Exercise aim: Locate the line containing "Adult Oobius agrili" in the material below. Copy that line and all following lines through the end exactly, omitting any pictures.

Given information:
= = = = =

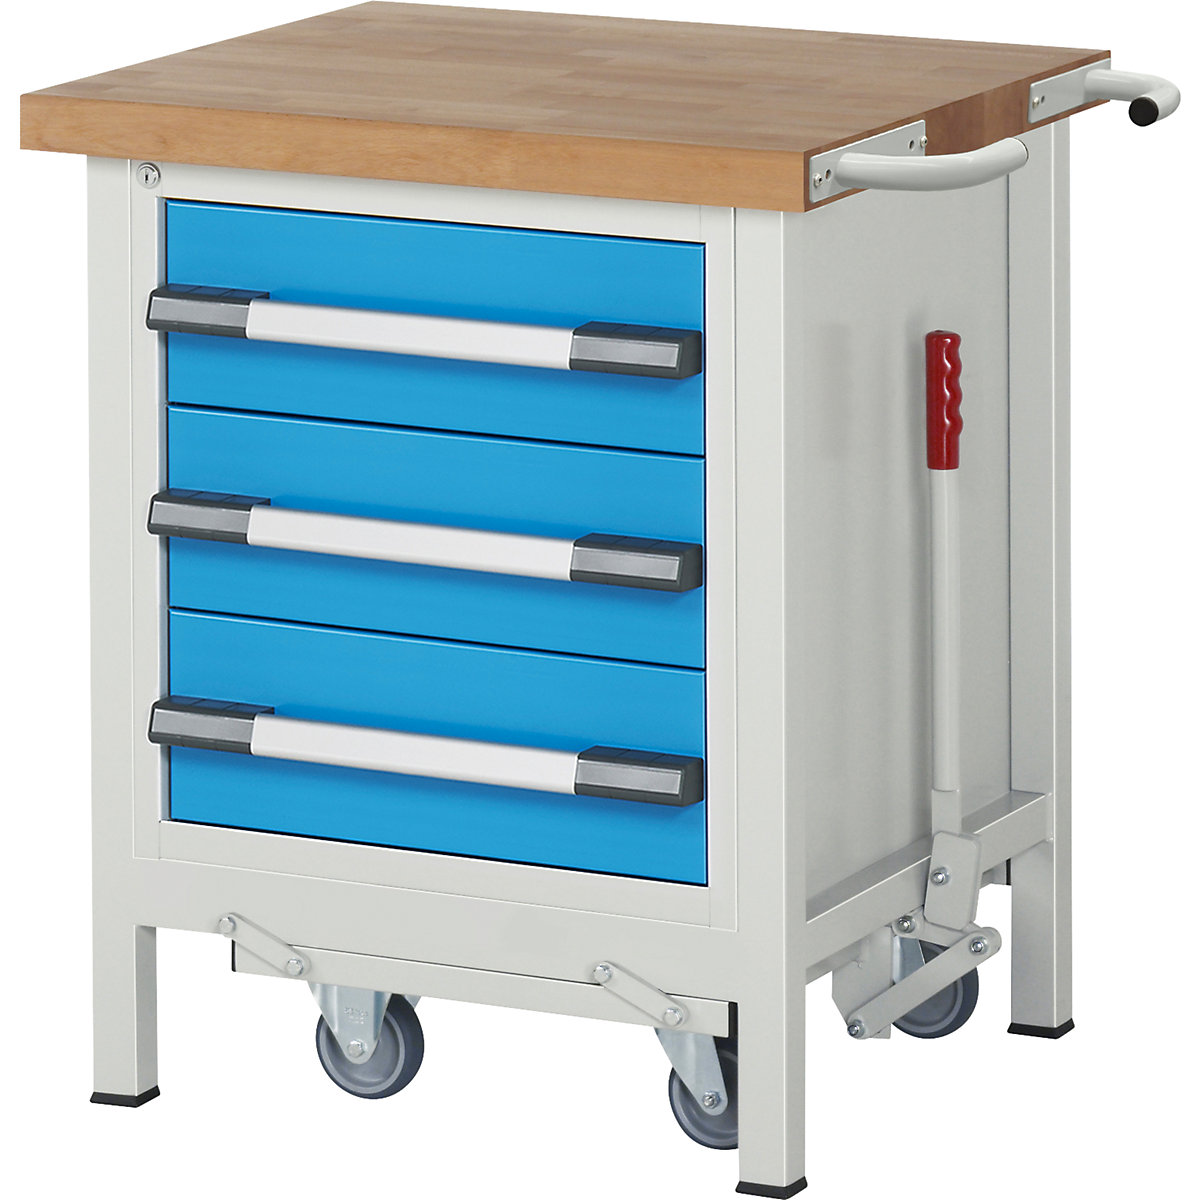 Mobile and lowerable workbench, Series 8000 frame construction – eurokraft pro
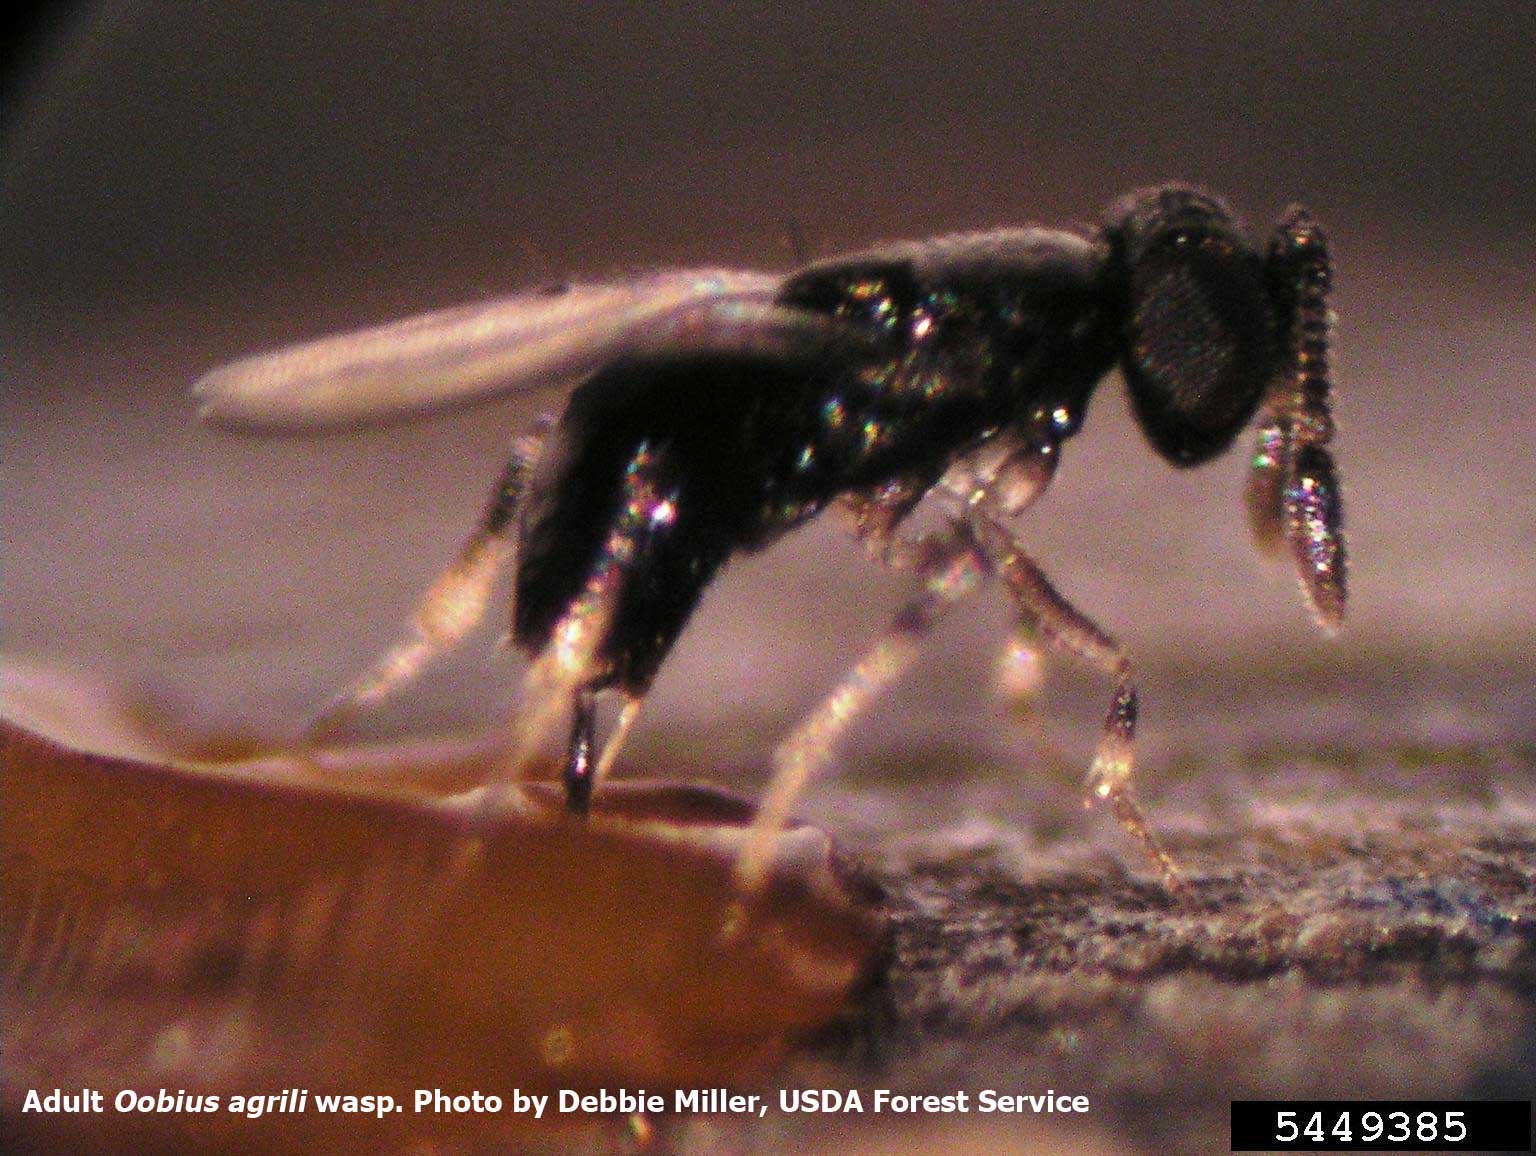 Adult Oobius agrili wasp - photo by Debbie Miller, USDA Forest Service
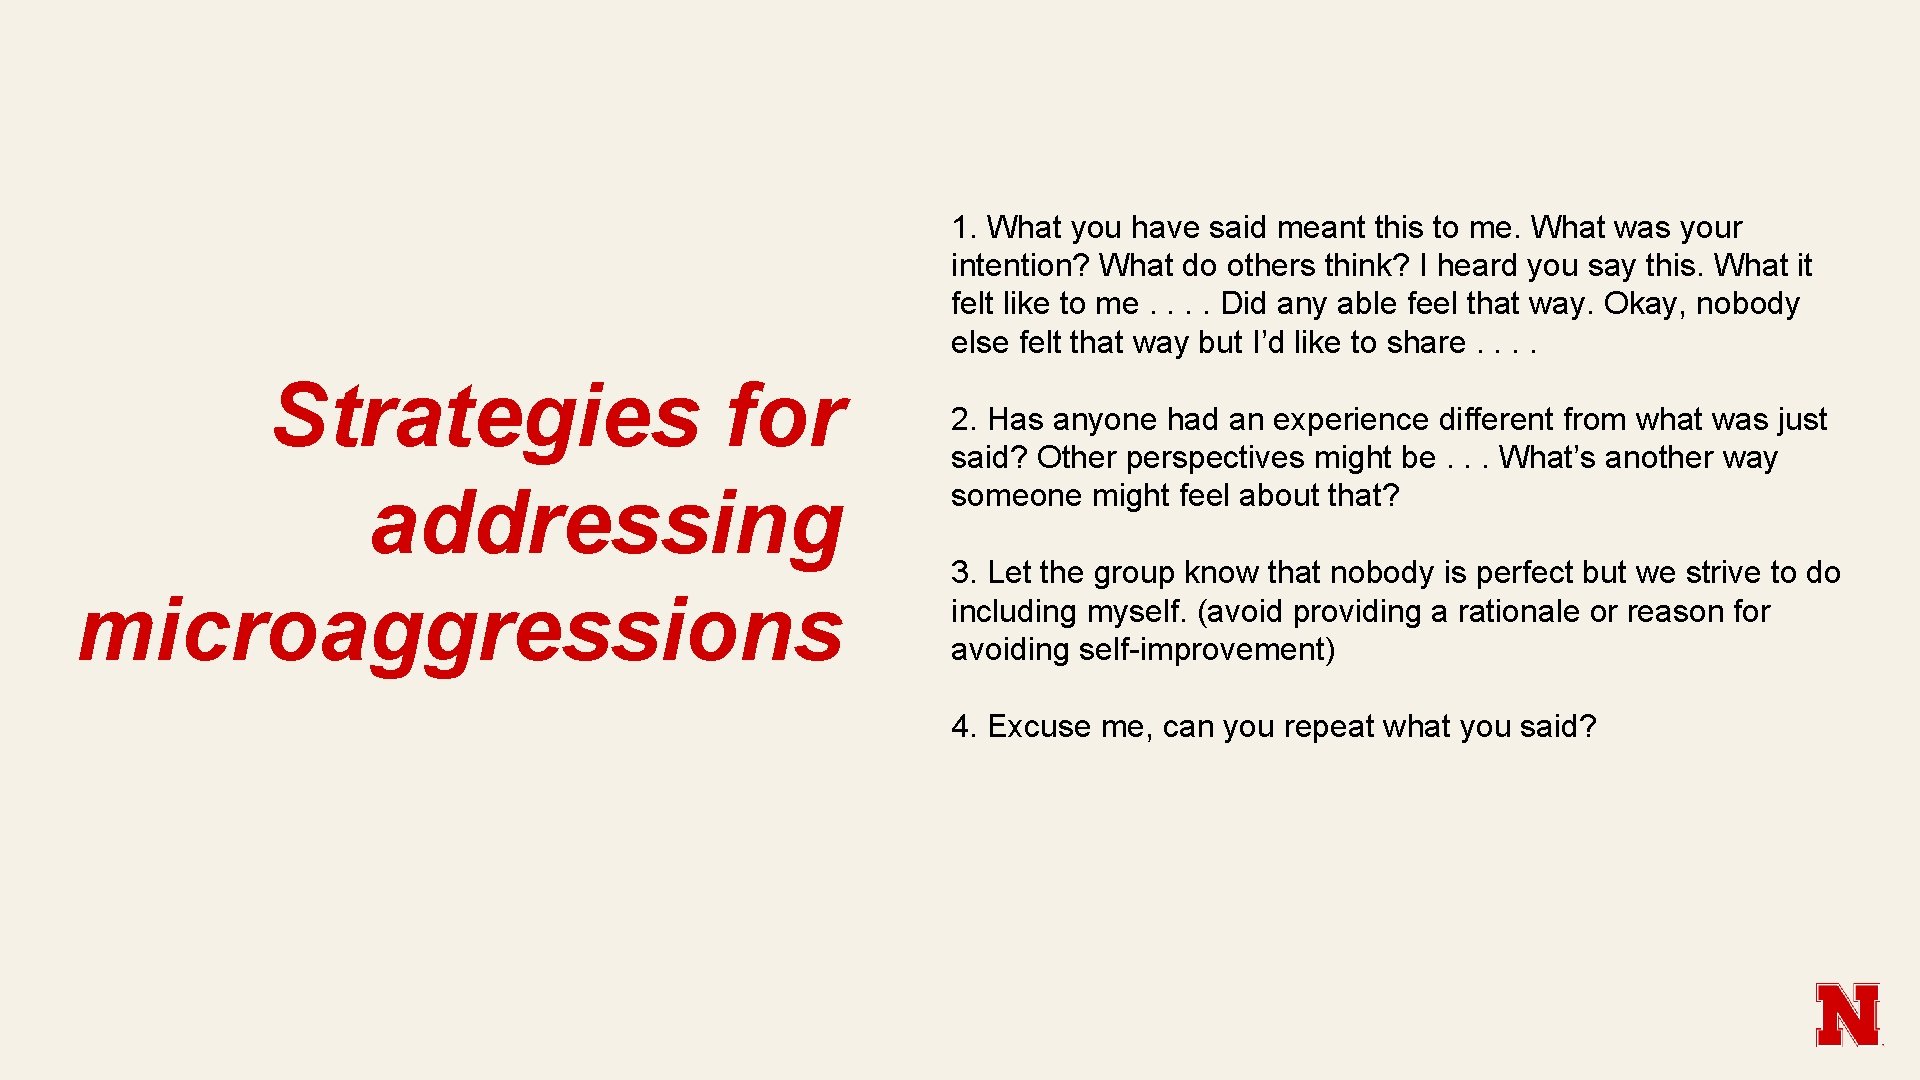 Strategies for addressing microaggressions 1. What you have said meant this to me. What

= = = = =

Result:
 Adult Oobius agrili wasp - photo by Debbie Miller, USDA Forest Service
 Strategies for addressing microaggressions 1. What you have said meant this to me. What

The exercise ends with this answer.